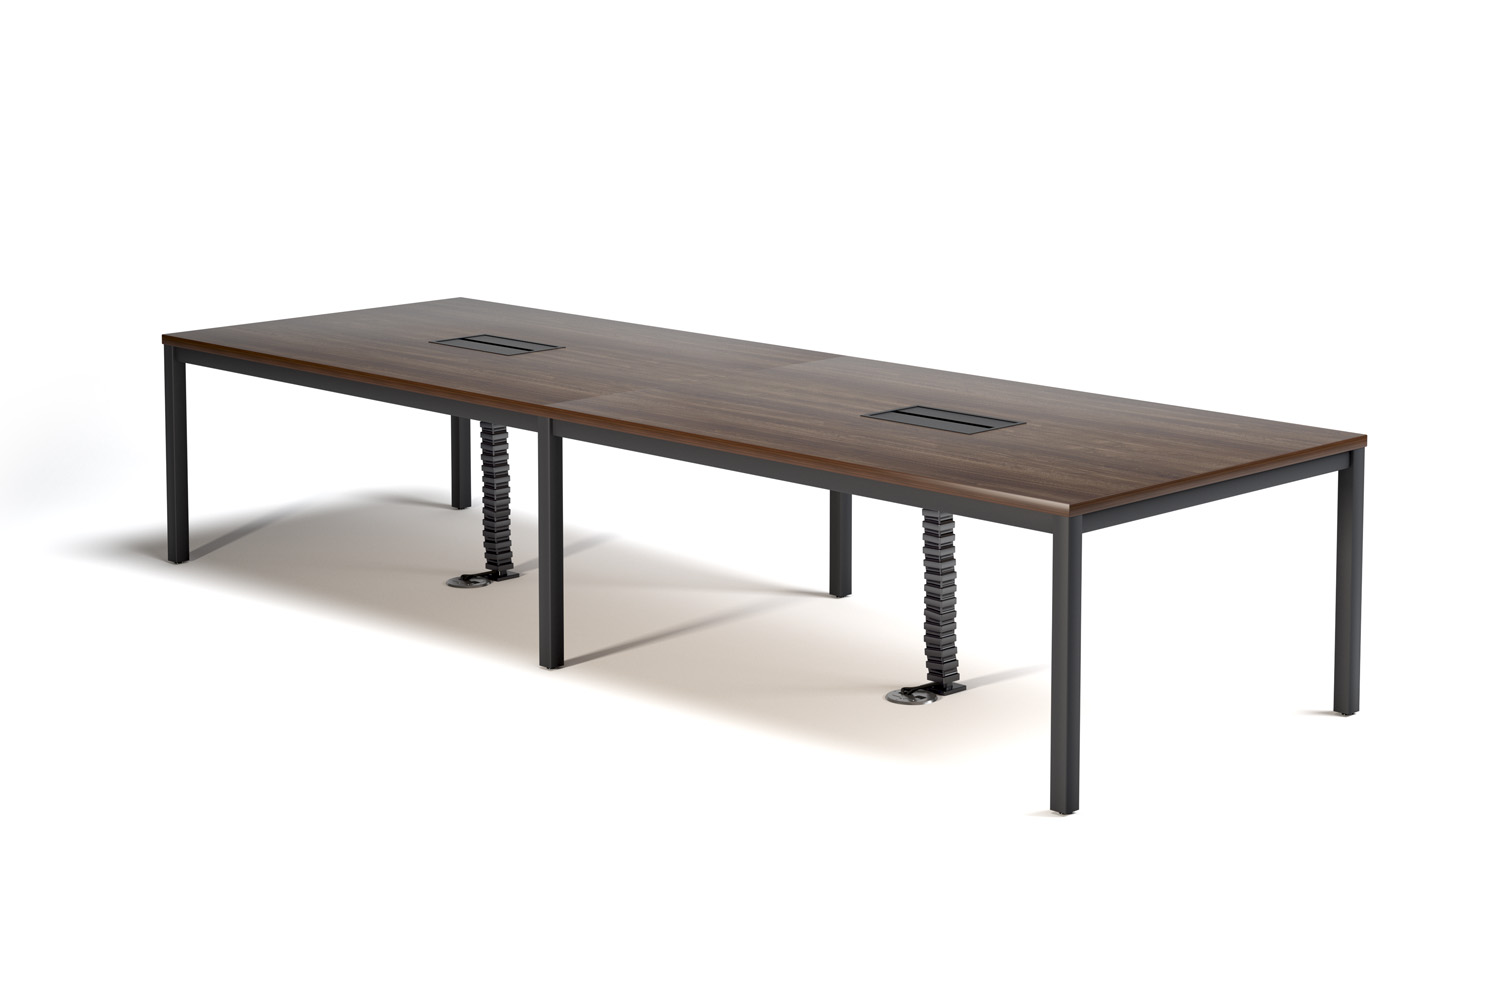 Pisa 48x144 Conference Table with Power Data Snake unit
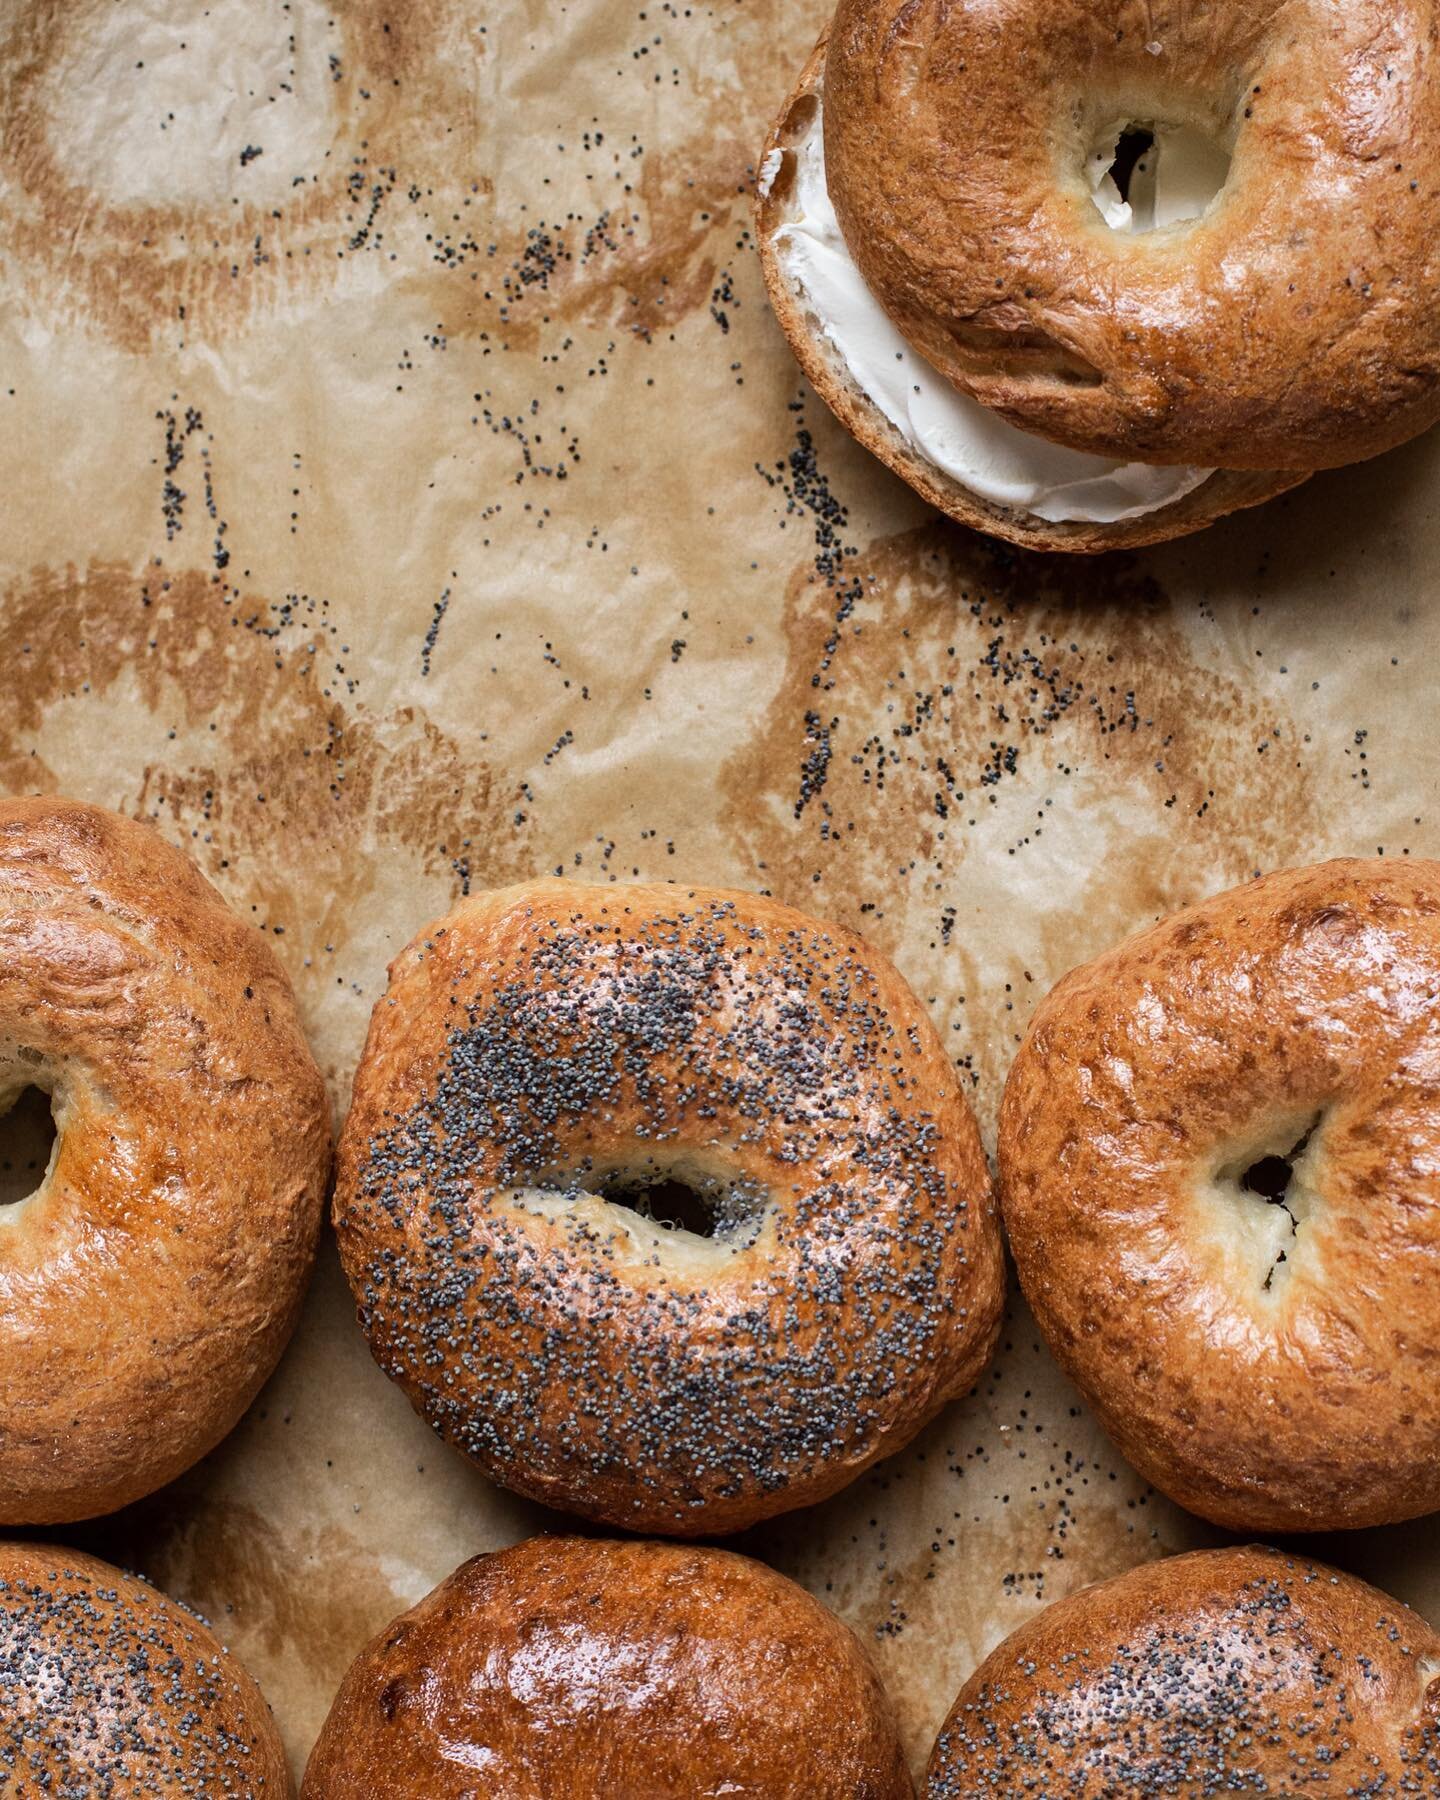 Made bagels today from The Bread Bible🥯 There are a few steps but it&rsquo;s not difficult. After the overnight rise, the dough is pillowy-soft and easy to work with. 

foodphotographer#foodstyling #seattlefoodphotographer #bainbridgeislandfoodphoto
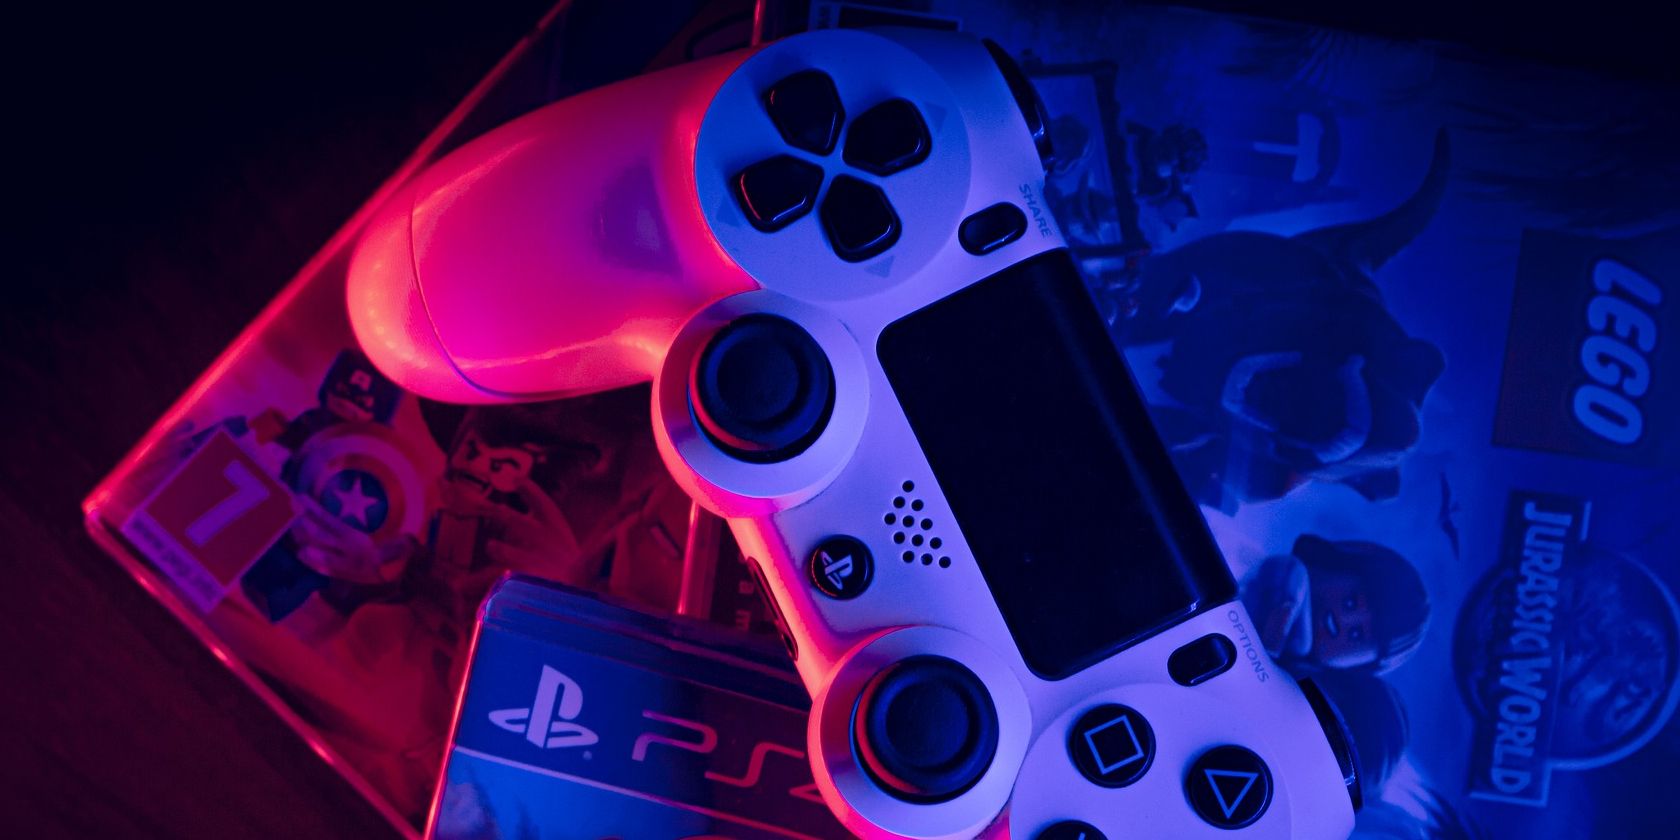 White PlayStation 4 controller on top of PS4 games
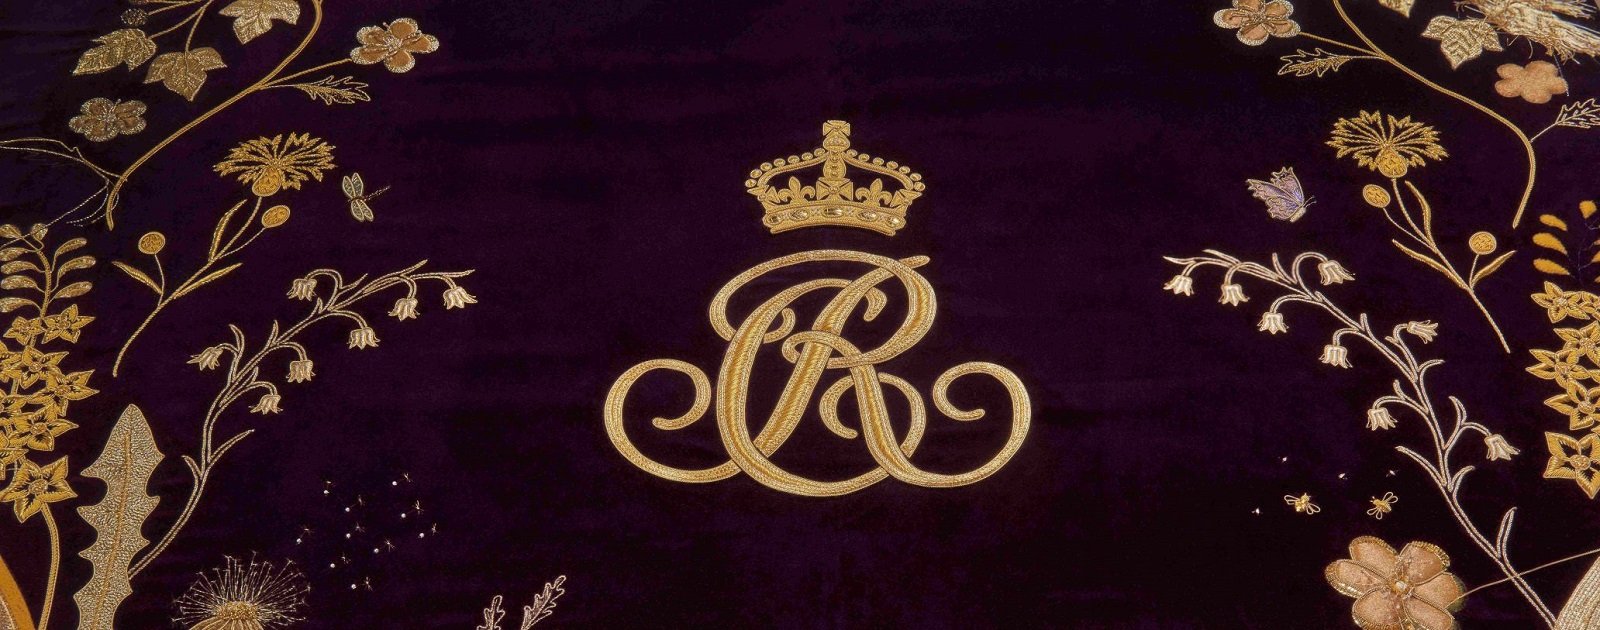 Her Majesty Queen Camilla's Robe of Estate worn for the Coronation 2023
■ ■ ■ ■ ■
- _What this task involves_
The expected answer is the data retyped exactly, without pictures.

- _Expected answer_
 Pisa 48x144 Conference Table with Power Data Snake unit
 Made bagels today from The Bread Bible🥯 There are a few steps but it&rsquo;s not difficult. After the overnight rise, the dough is pillowy-soft and easy to work with. 

foodphotographer#foodstyling #seattlefoodphotographer #bainbridgeislandfoodphoto
 White PlayStation 4 controller on top of PS4 games
 Her Majesty Queen Camilla's Robe of Estate worn for the Coronation 2023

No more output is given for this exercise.